Zu diesem Zweck wurden in einem dreimonatigen Zeitraum sowohl weibliche als auch männliche Studierende interviewt, welche sich zum Teil im ersten Abschnitt ihres Studiums befanden sowie zum anderen Teil, sich am Ende ihres Studiums befanden und bereits erste Berufserfahrungen sammeln konnten. Hierbei geht es weniger um den Vergleich der Studierenden, sondern vorwiegend um die begründete Theorie dahinter, wie Gehaltserwartungen von Studierenden zustande kommen.
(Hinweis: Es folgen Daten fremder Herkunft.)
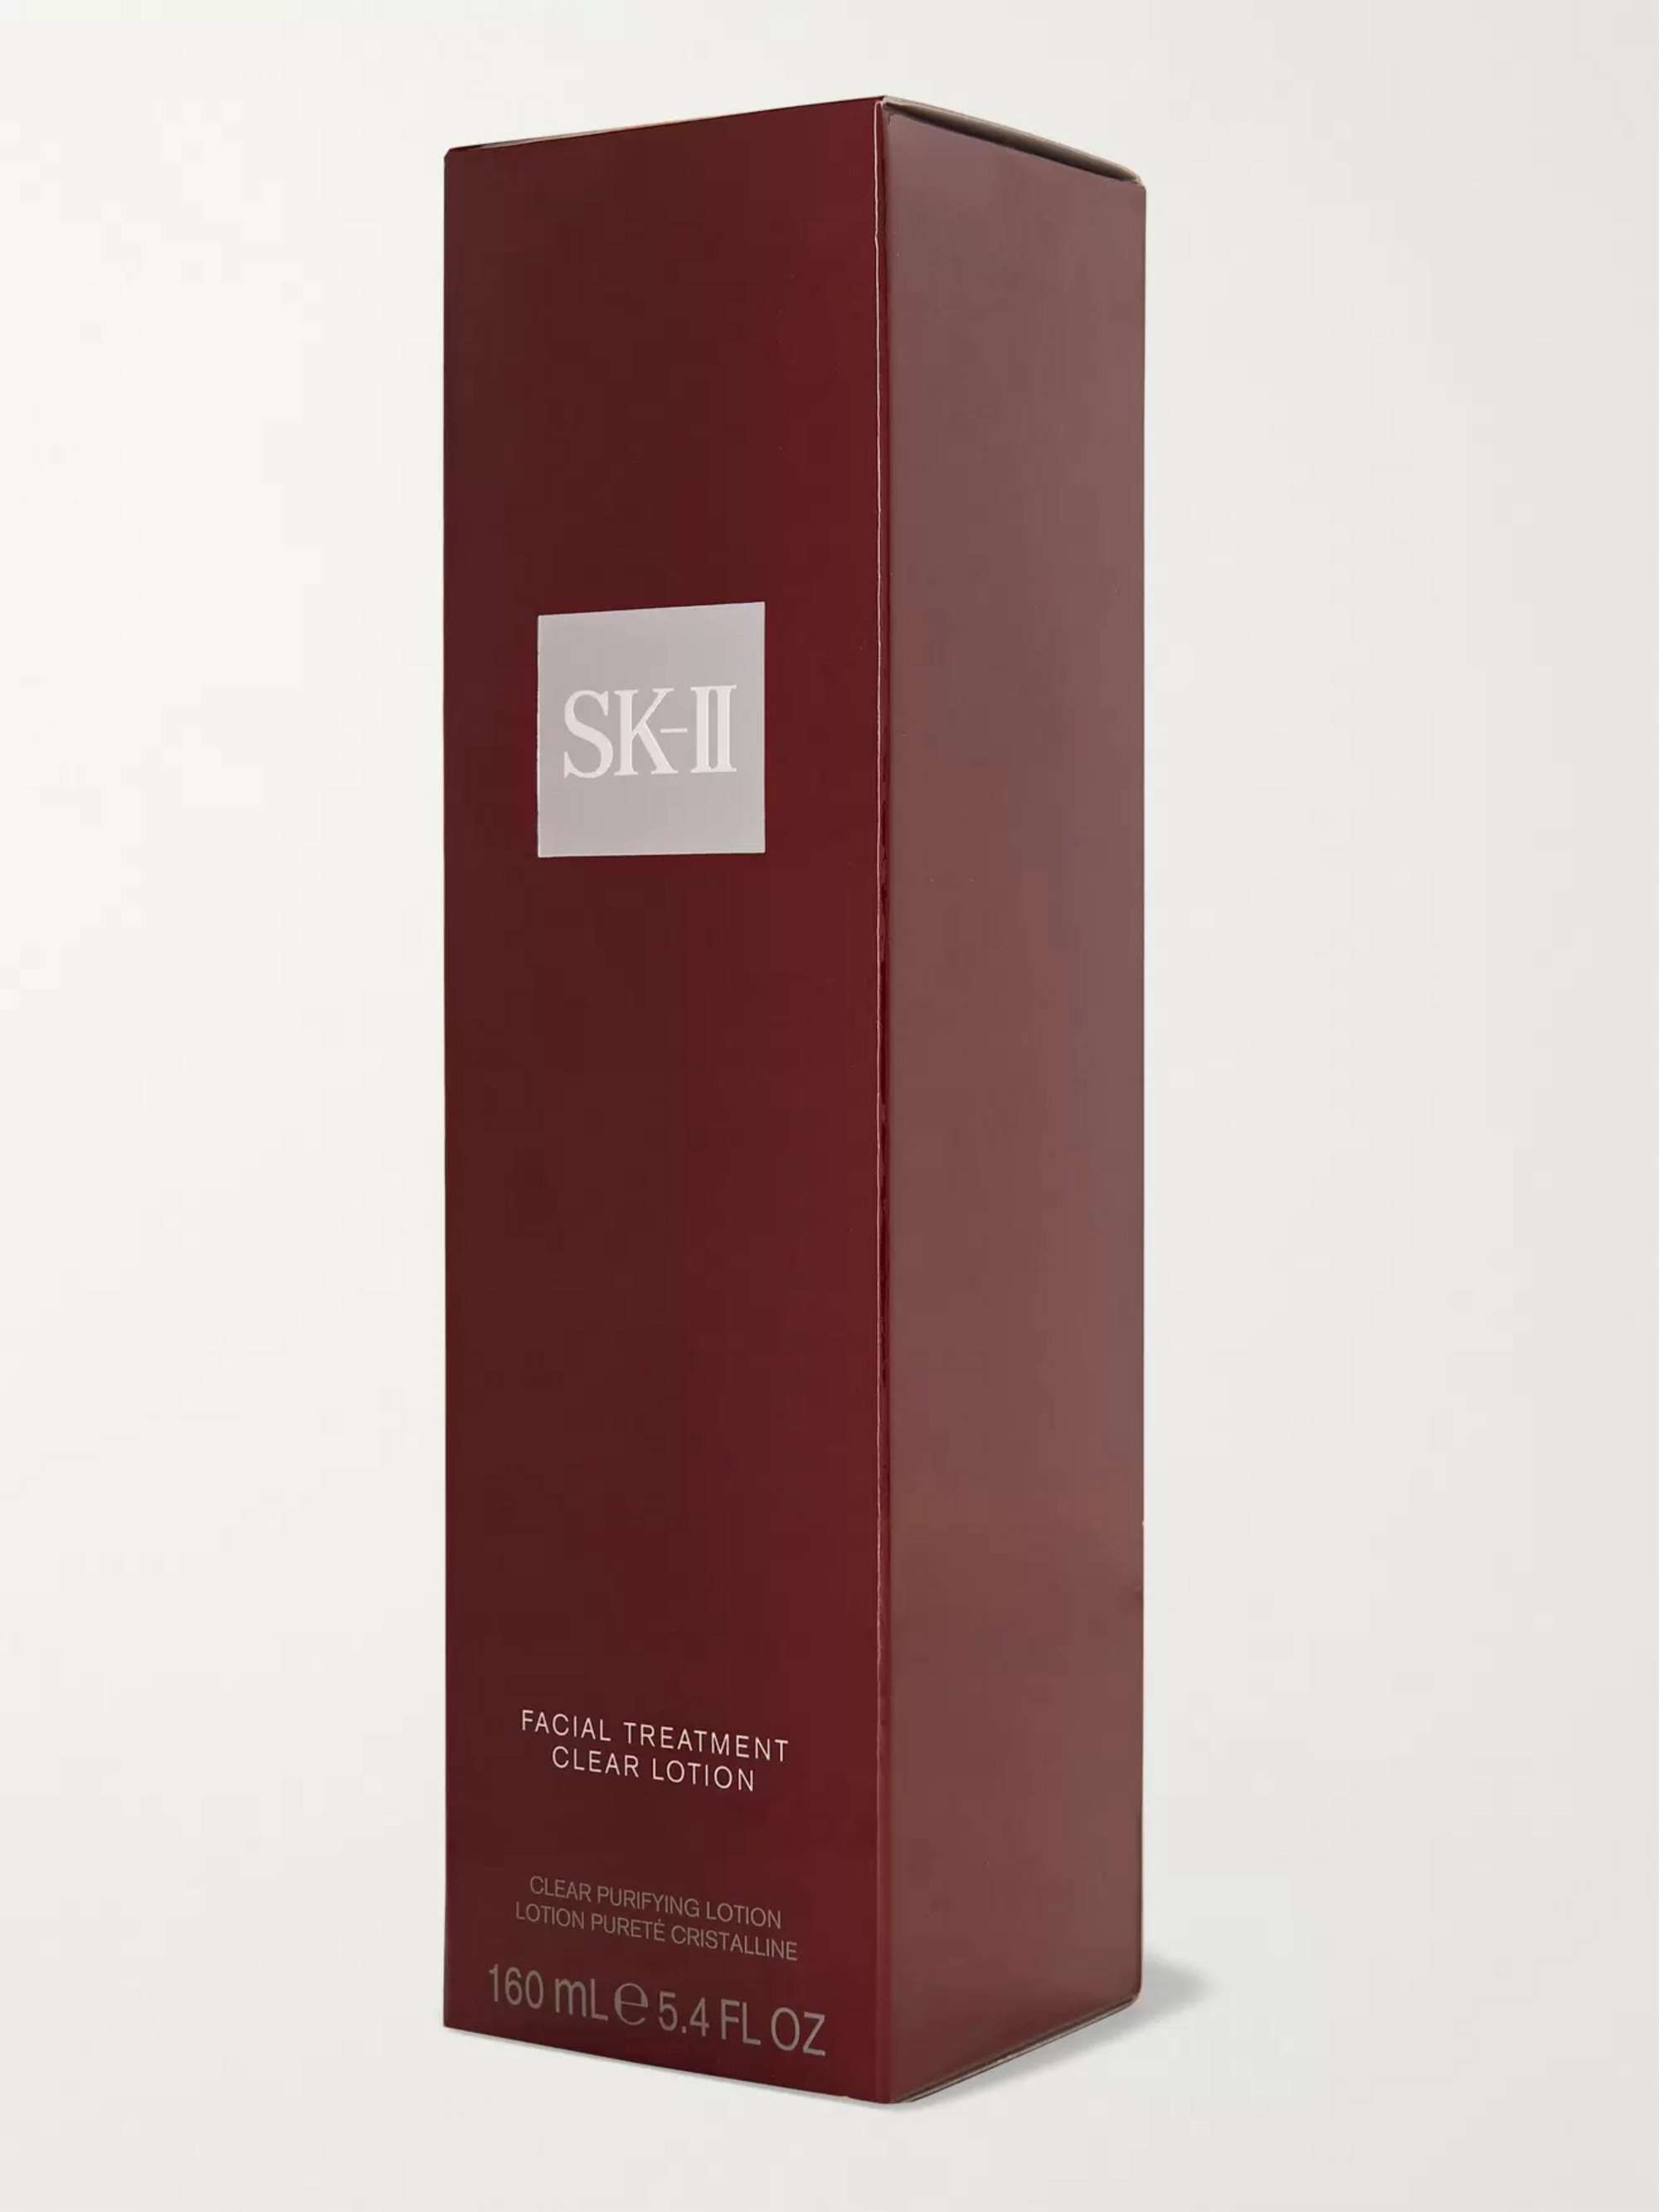 SK-II Facial Treatment Clear Lotion, 160ml

Anhand der empirischen Analyse wird der Prozessgedanke - wie geschlechtsspezifische Unterschiede bei Gehaltserwartungen von Studierende entstehen - dargelegt. Ebenso wird das explorative Forschungsziel mit Anwendung einer qualitativen Methode und halbstandardisierten Interviews untersucht und dadurch neue theoretische Konzepte aus den gewonnenen Daten entwickelt.

Um die Gründe für diese Gedanken aufzuzeigen, werden einzelne Prozesse auf Basis der Grounded Theory untersucht und erklärt. Theoretische Grundlage der Arbeit ist die Gender Pay Gap, die Entstehung der Gehaltserwartungen und die Gründe für den ‚unerklärten‘

Lohnunterschied zwischen den Geschlechtern. Im Anschluss folgt der empirische Teil, welcher durch die qualitative Forschung, Datengewinnung, Datenerhebung, Durchführung und der Datenanalyse beschrieben wird. Abschließend werden die Ergebnisse durch ein Modell präsentiert und diskutiert, um anschließend ein finales Fazit zu ziehen.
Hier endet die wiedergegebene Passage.